Viasat and MIT Sloan are calling for a new business aviation connectivity standard centered on passenger Quality of Experience (QoE).
Industry conversations often measure in-flight internet by peak speed. Viasat and researchers at MIT Sloan argue that private aviation operators should instead prioritize business aviation connectivity outcomes that passengers actually feel: reliability, low latency, and successful user tasks. The goal is clearer service guarantees and better onboard experiences for CEOs, teams, and high-value travelers.
Viasat has rolled this idea into a commercial offering: JetXP’s iQe platform. iQe combines analytics and AI to produce a real-time QoE score for private-jet passengers, moving measurement from raw Mbps to metrics tied to user outcomes. That means tracking dropouts, response times, and whether core tasks—video calls, file transfers, streaming—work end-to-end.
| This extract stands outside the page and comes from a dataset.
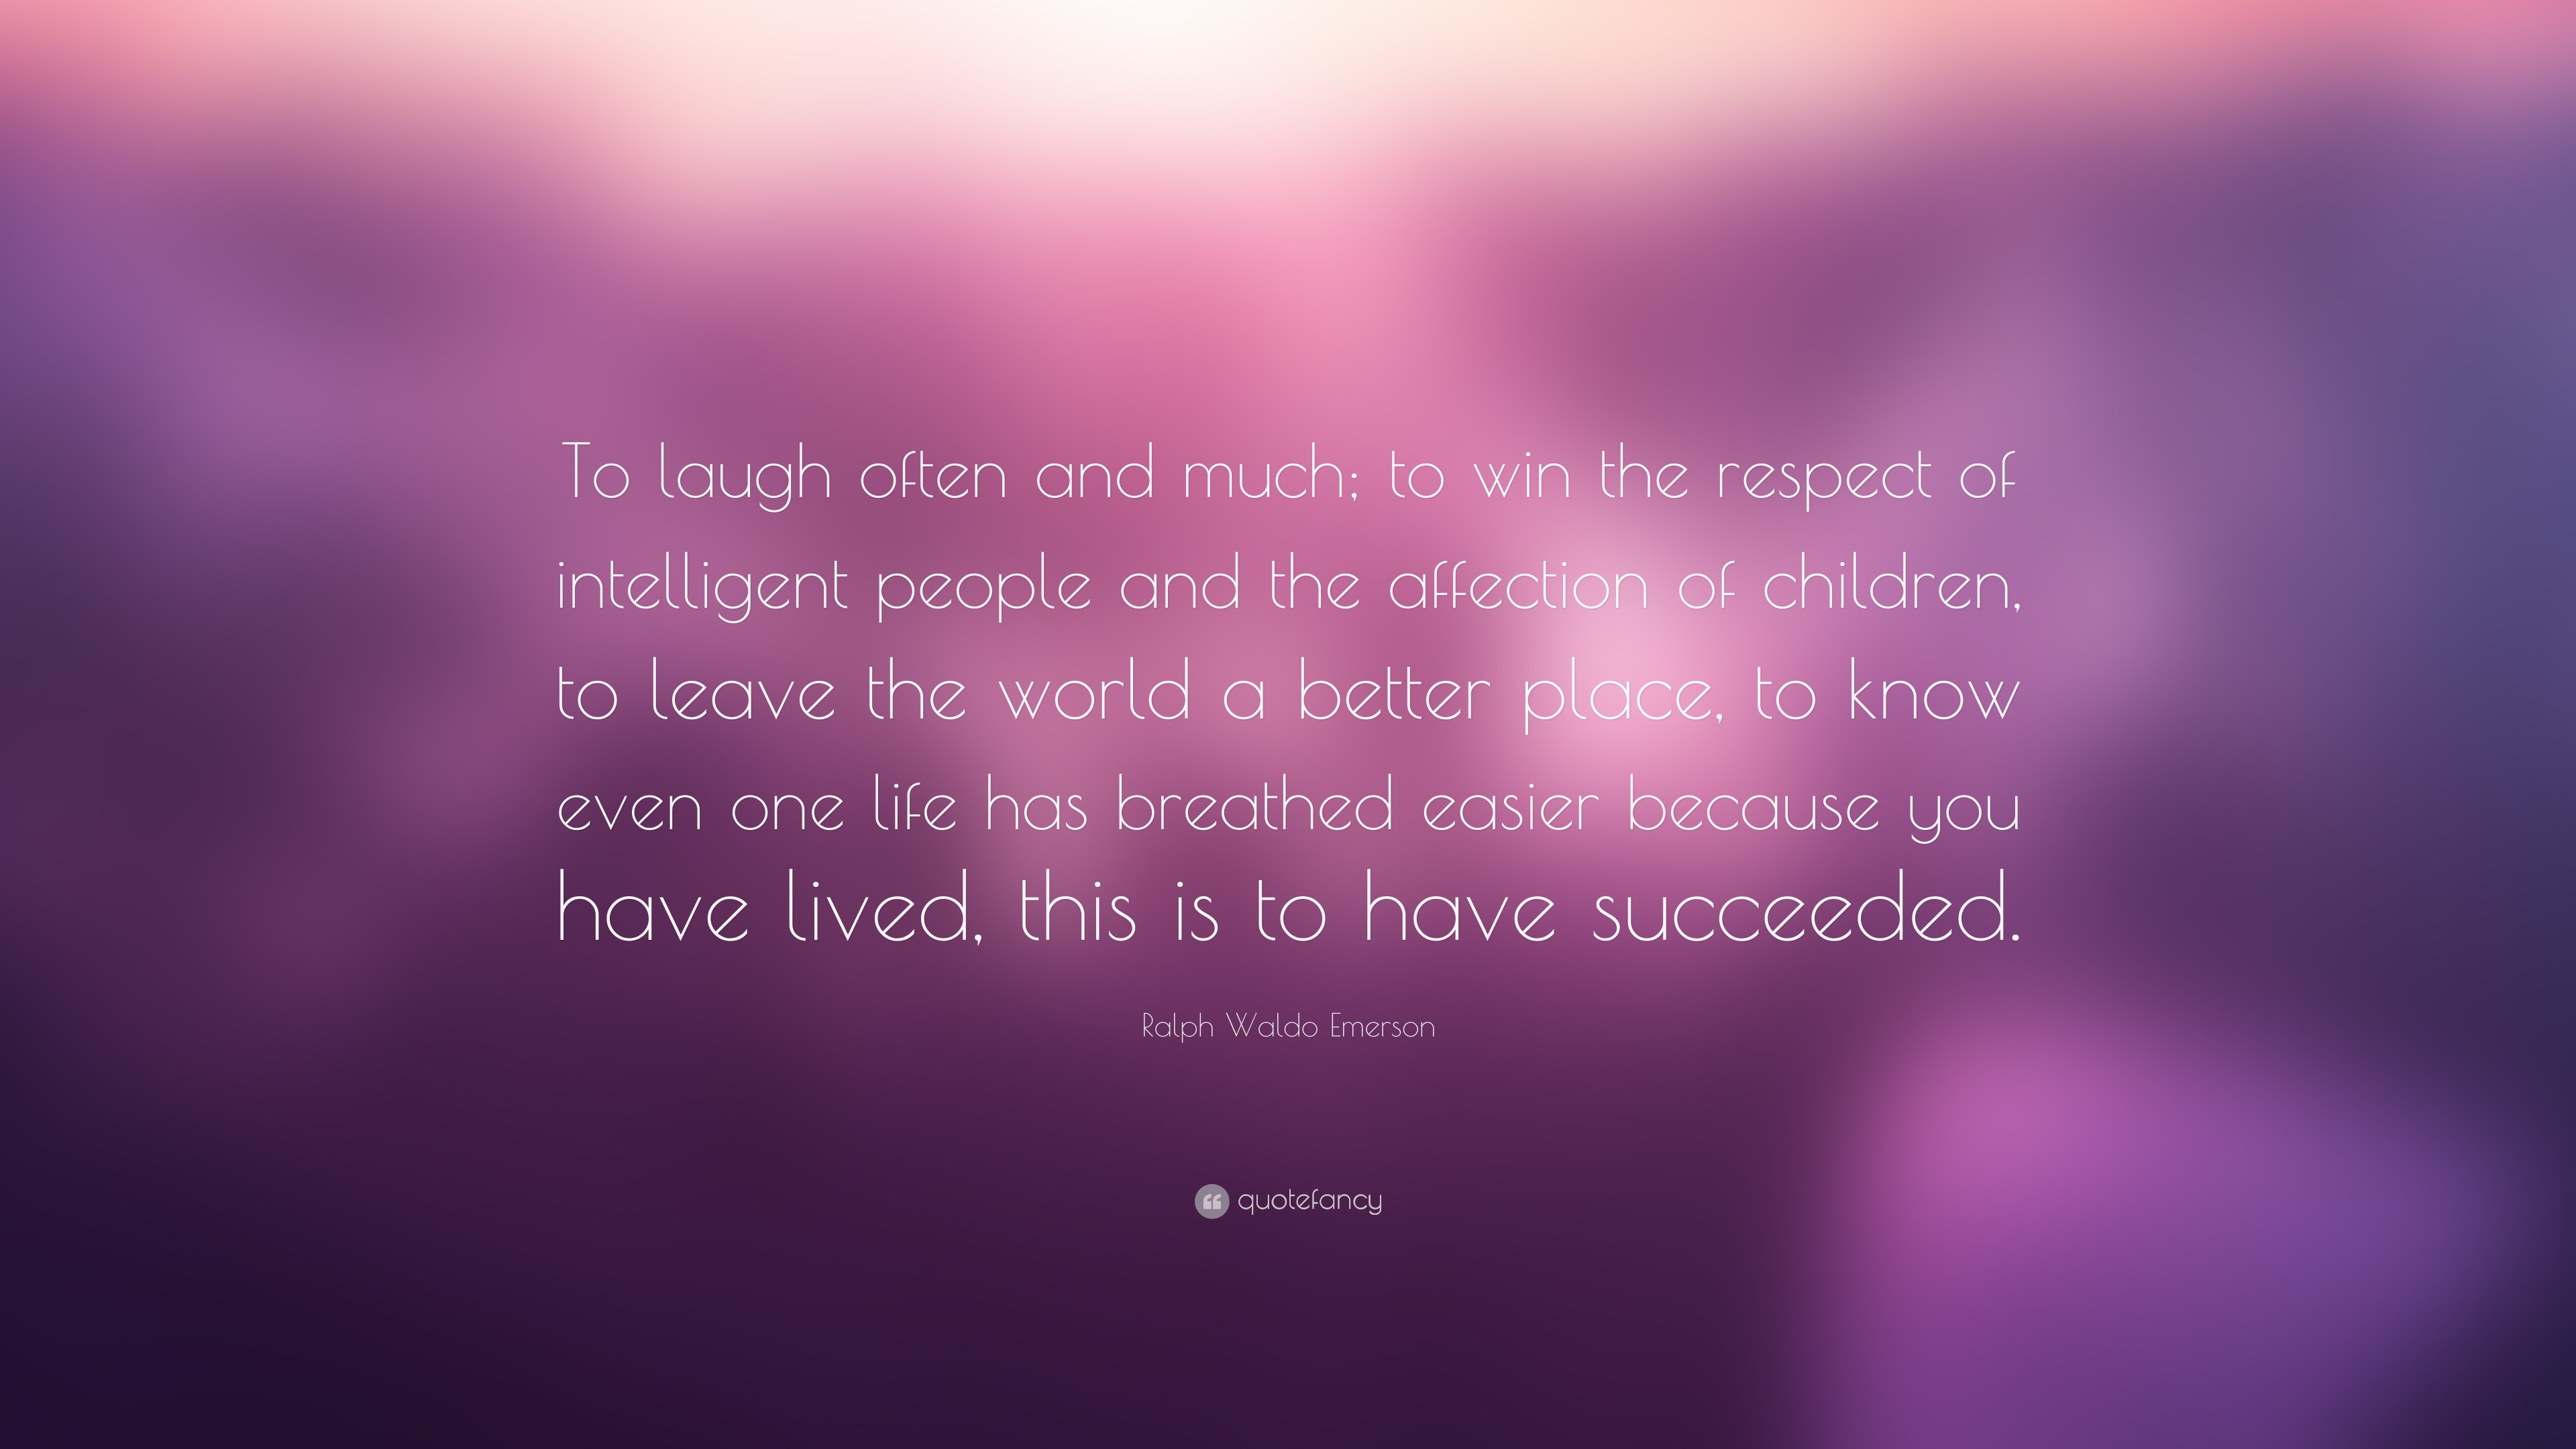 Ralph Waldo Emerson Quote “To laugh often and much to win the respect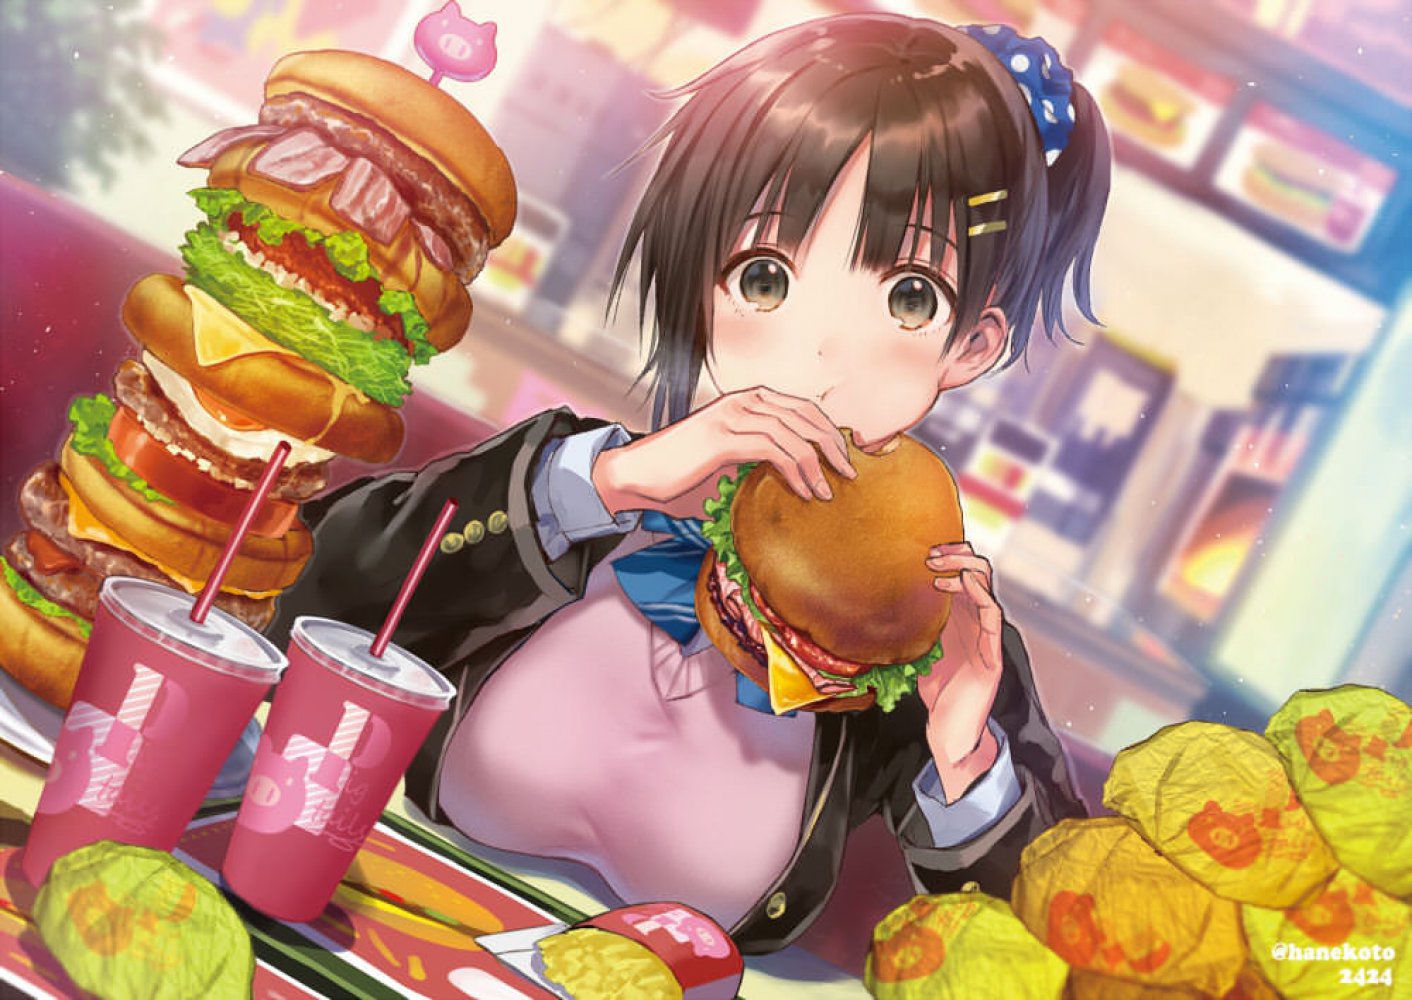 Secondary: Images of girls eating and drinking 6

The pitch is pragmatic. For operators and FBOs (fixed-base operators), QoE provides actionable signals instead of chasing headline speeds that rarely reflect in-cabin performance. For vendors and integrators, a QoE-driven approach creates a shared language: reliability percentages, latency bands, and task-success rates instead of isolated throughput numbers.
Viasat’s JetXP iQe highlights how AI and continuous analytics can translate network telemetry into a single passenger-facing score. That score can be used to route traffic, prioritize maintenance, or trigger alerts to inflight IT support. The broader hope—endorsed by MIT Sloan’s analysis—is that industry-wide adoption of QoE metrics will lift overall satisfaction, reduce disputes over service levels, and improve operational efficiency across fleets.